We Need Quality Services. 

Jim Wills has retired and been replaced by Dr Osama Ali, and while Manning Base has been funded to get two more orthopaedic registrars and there’s another orthopaedic surgeon waiting in the wings, one suspects our senior medicos are getting fed up and looking at moving on or retiring, frustrated at trying to raise the bar at the hospital, hopefully leaving a legacy, and getting good Registrars and infrastructures that’s vital. The fine staff are frustrated and no doubt fed up at the struggle with limited resources.

Need A Good Team

Having a group of doctors and staff who can work together and then say to Newcastle; Hey, we’ve got a good team here, now patients don’t have to be rushed up to Port Macquarie or down to Newcastle, we can handle the work here with good physicians and good staff, infrastructure, ICU, a cath lab, backup.

But while Mr DiRienzo controls his empire in Newcastle the feeling is nothing more will surge ahead at Manning Base.
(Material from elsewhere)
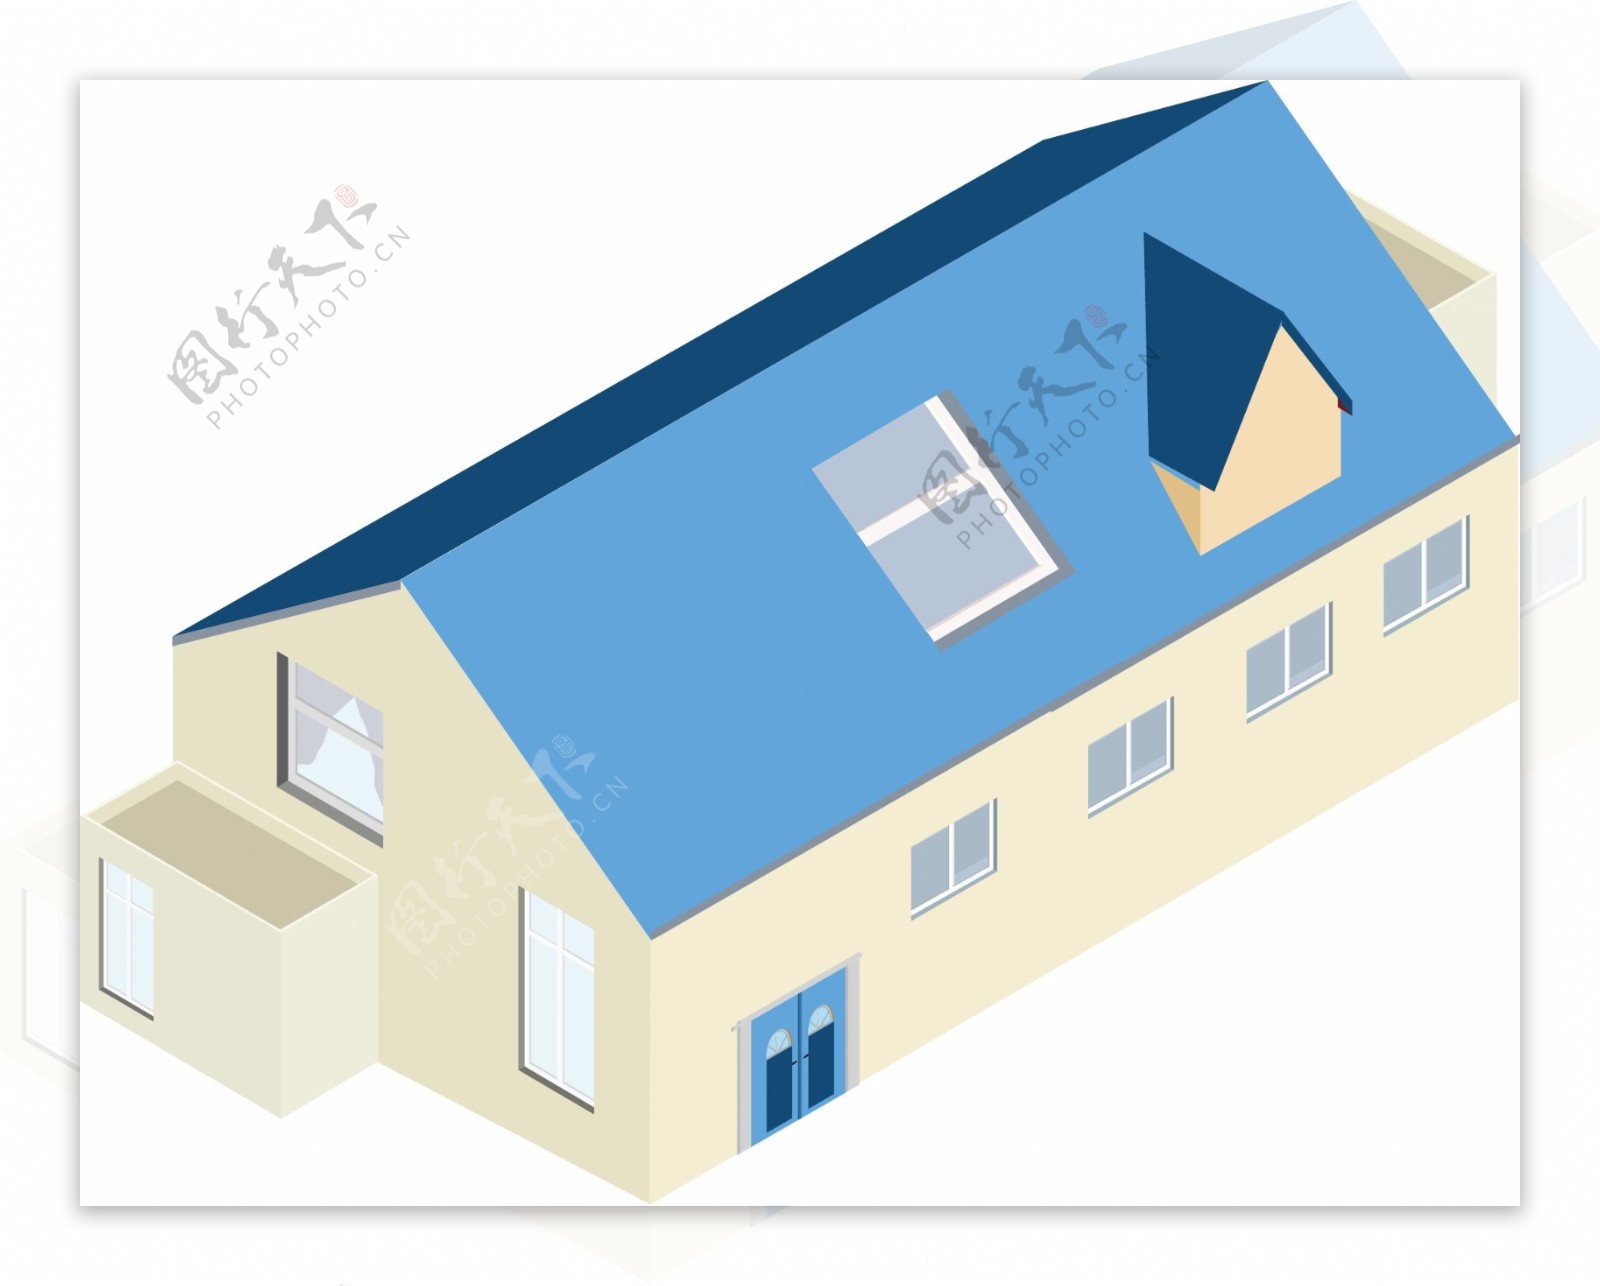 2.5D房屋建筑简单设计素材可商用

The animosity between some Manning specialists who fight Newcastle on behalf of their patients, and are frustrated by DiRienzo, has caused such animosity, that, at the end of the day, it’s the patients who suffer. 

Fix it with a Pen

The CEO at the Mayo Private Hospital, Greg Gibson (who also runs Forster Private) has been trying to get support services for public patients, which would be acceptable to the public system.  But Hunter Health CEO, DiRienzo has refused to agree to sign off on a public/private patient agreement. Yet the interventional cardiologist at Manning Base hospital is prepared to treat public patients at the Mayo private hospital to save the dangerous wait and travel to Newcastle. The stroke of a pen could prevent this. 
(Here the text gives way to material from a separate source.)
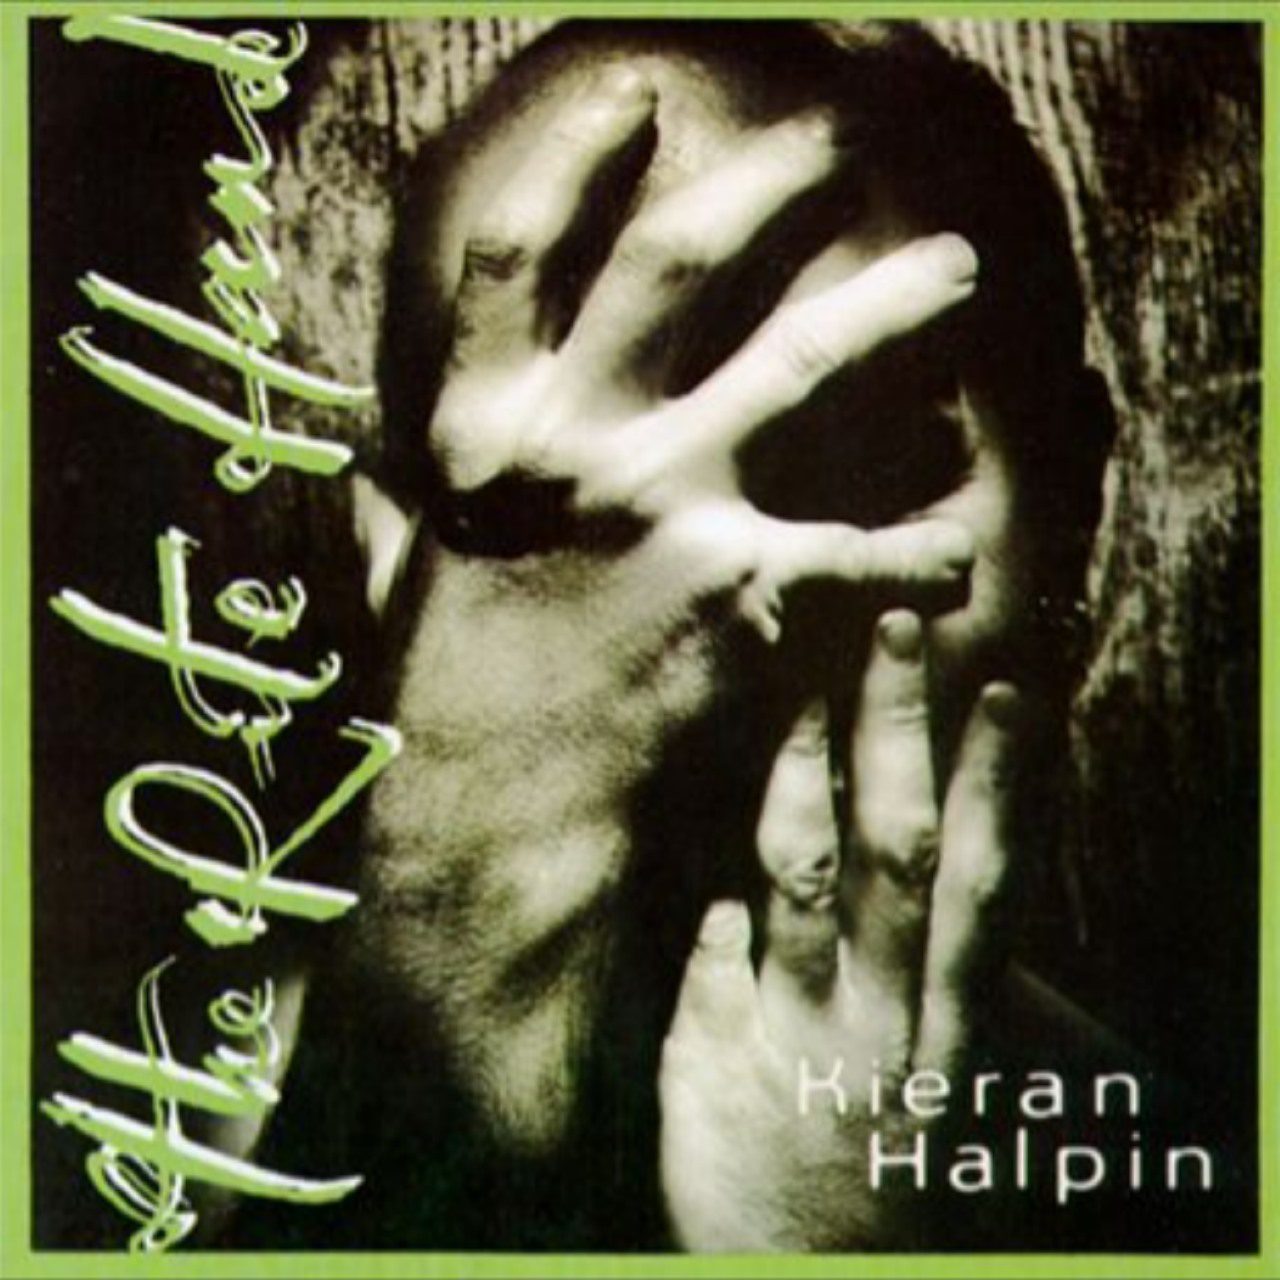 Kieran Halpin – The Rite Hand cover album

There are a lot of question marks to the health system in our area… not just because there are doctors who’ve been suspended or deregistered and the shocking issue of the gynaecologist charged with serious offenses that worked here unchallenged for the last 16 years.
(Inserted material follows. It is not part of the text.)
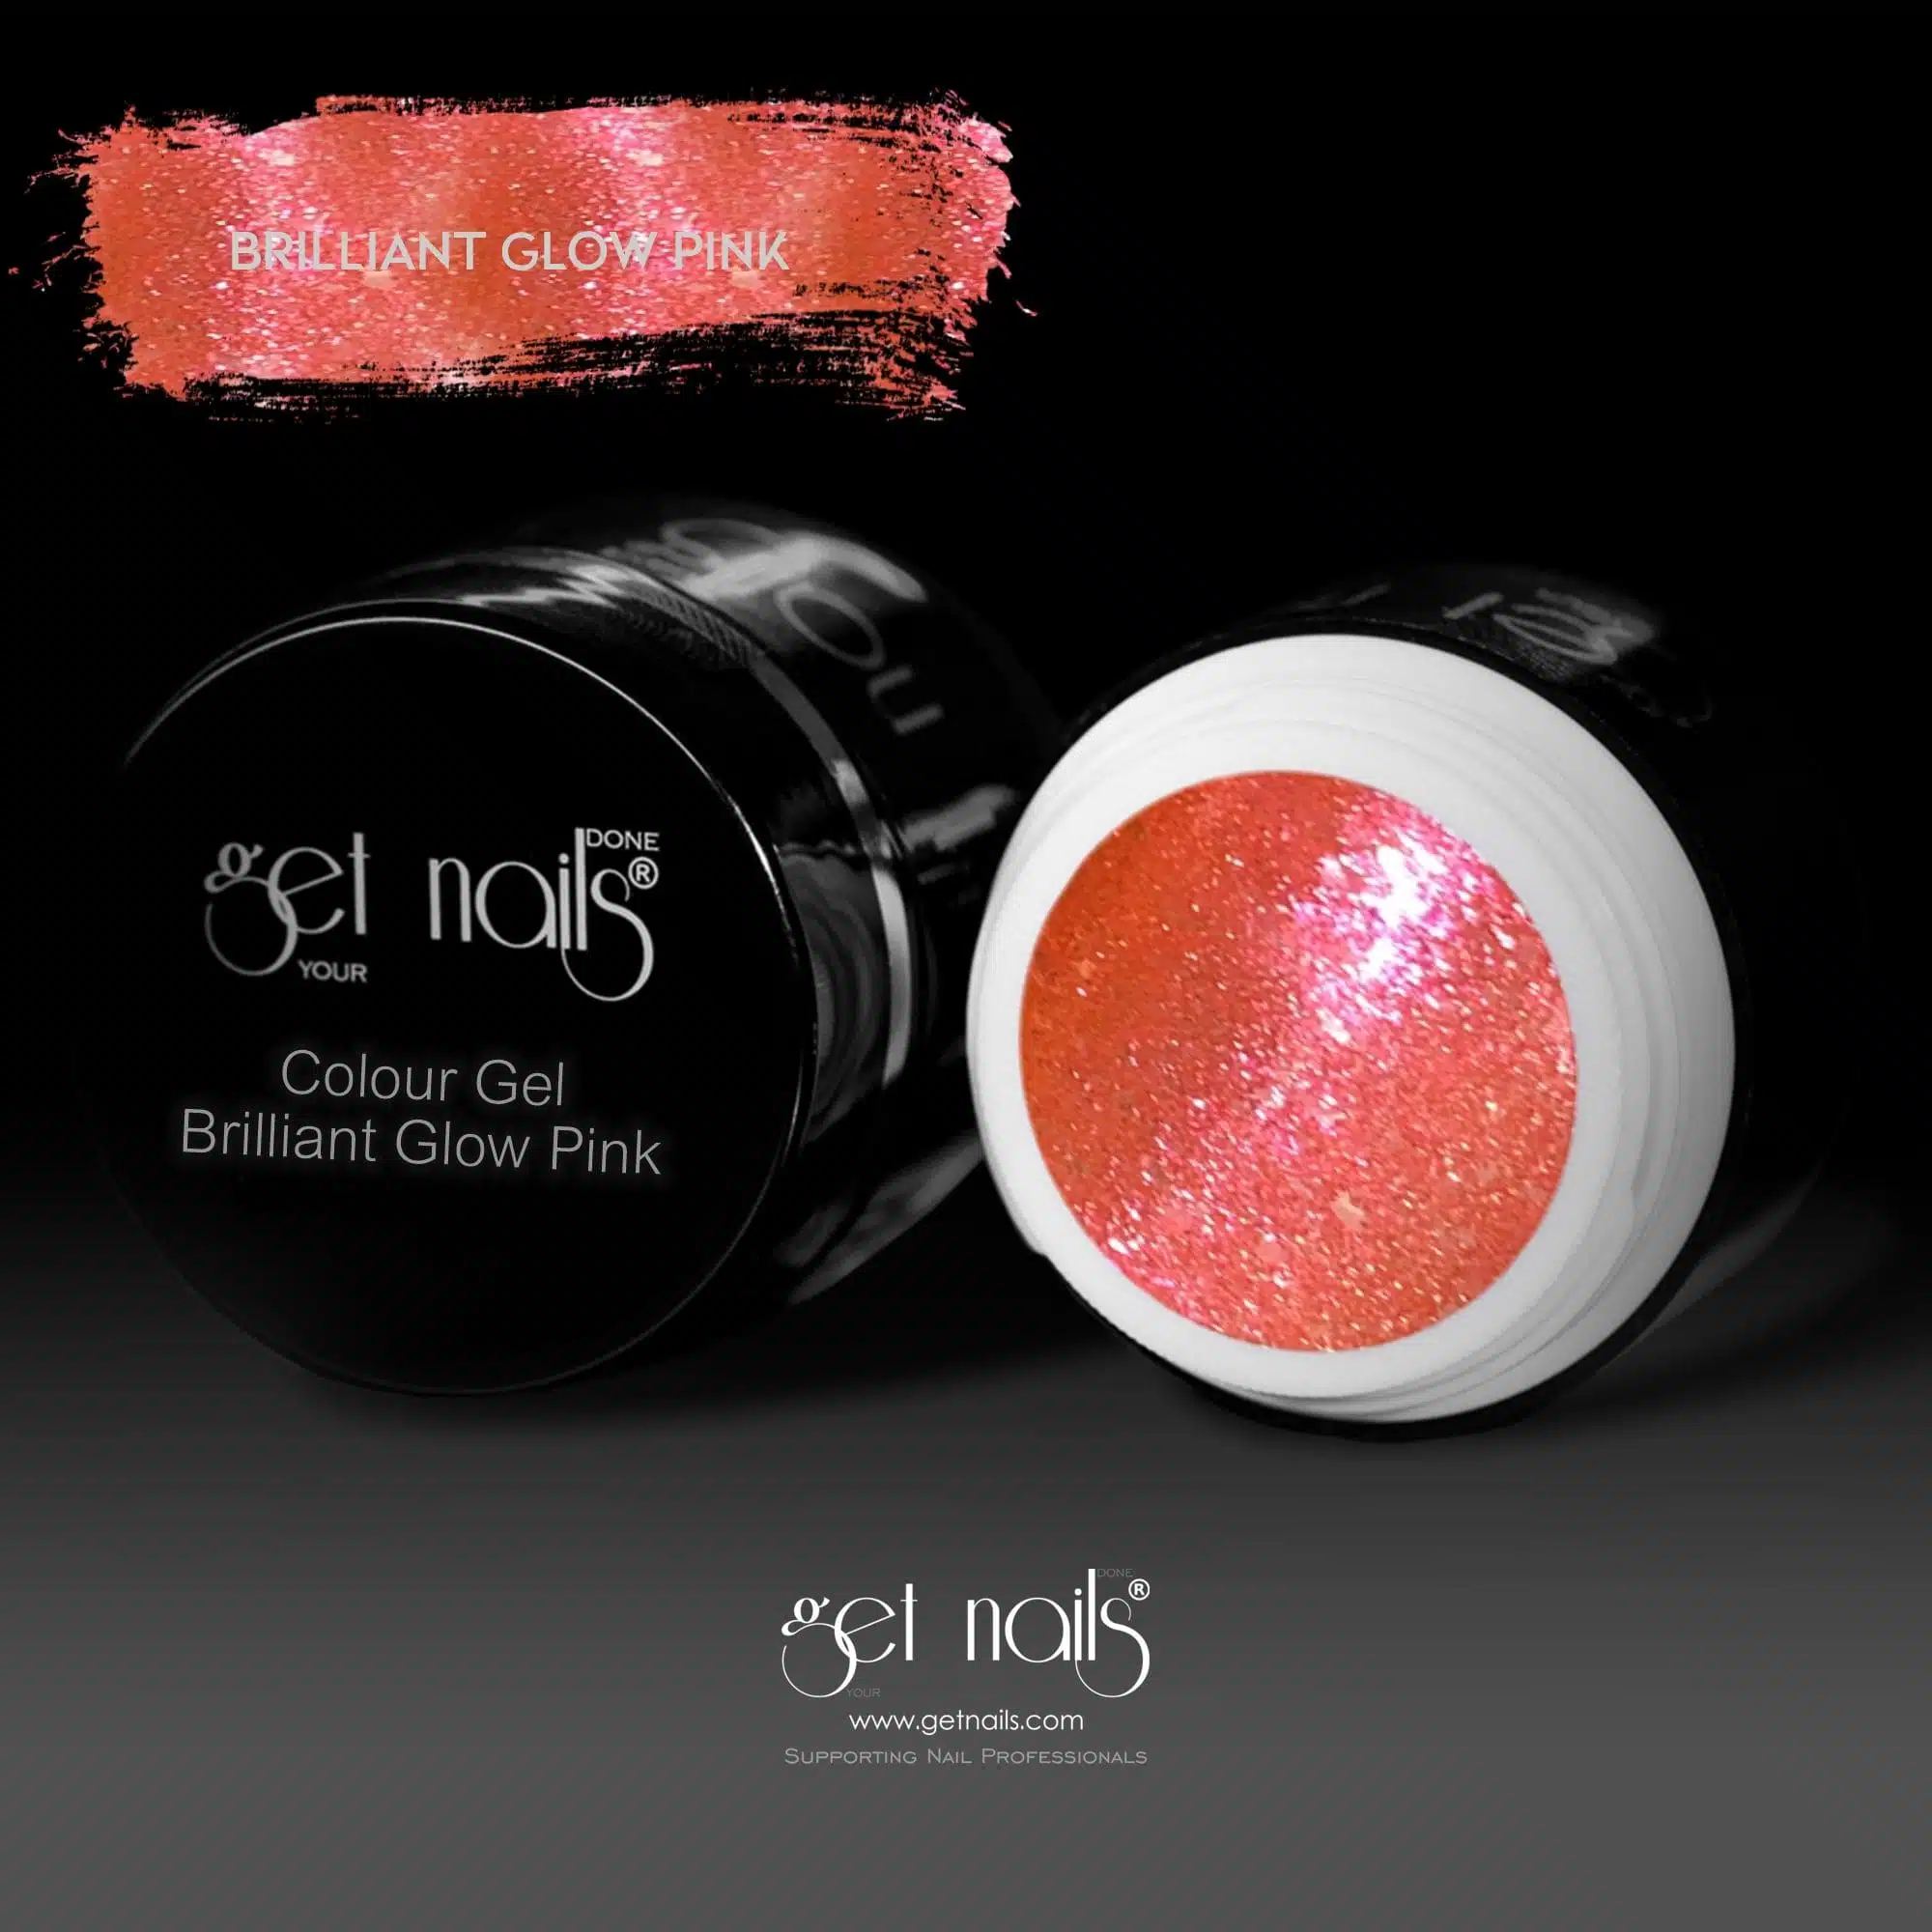 Get Nails Austria - Colour Gel Brilliant Glow Pink 5g

The practice of medicine is all about professionalism and maintaining a standard. And most of our doctors here set themselves very high standards. If you have an environment where a doctor is not challenged enough, not supported enough, like for example, with good Registrars, standards can drop.  Doctors working with a good Registrar means that Registrar knows exactly what that doctor is doing, day in and day out. Good Registrars are a must and first to ring alarm bells, as was finally the case at the Manning Base which had been ten years without an Obstetrics and Gynaecology Registrar. 

What’s The Future?

Many professionals at Manning Base ask, Where’s an up to date clinical services plan? Where’s the asset planning? Where’re plans for buildings and infrastructure?  How can 20 million dollars fall out of the sky when the General Manager of Manning Base Hospital didn’t know about it til the morning it was announced? Even as the lead up to an election, how can there be no planning?  How can they identify what needs to be done . . . and yet start talking about a new hospital down in Forster?

So are we maintaining high enough medical standards? Supporting the medicos and staff? Or are we bound to be another casualty of a poorly funded and politically unsupported local hospital?  

Perhaps a ministerial enquiry can answer that question. 



  • Thank you Di. Excellent.

  • What is the future of Manning Base Hospital.

    Well. Manning Base hospital is a building structure and all buildings have a limited life span.

    Examples are

    Royal North Shore
    Manly Hospital

    They had a major change of circumstances involving rebuilding RNS and totally moving Manly Hospital to a new site.

    The government suggested its a funding issue.

    My brother is Dr Jim Wills who recently retired from Manning Base Hospital.

    Recently there has been a trend towards mental health teams in hospitals.

    I personally feel its inappropriate and the state could spend the money on other things.

    For example

    Diet management
    Driver education
    Repair of government vehicles instead of sale which would lead to local work opportunities.

    It depends if you just want to talk about it or if you want to improve your community.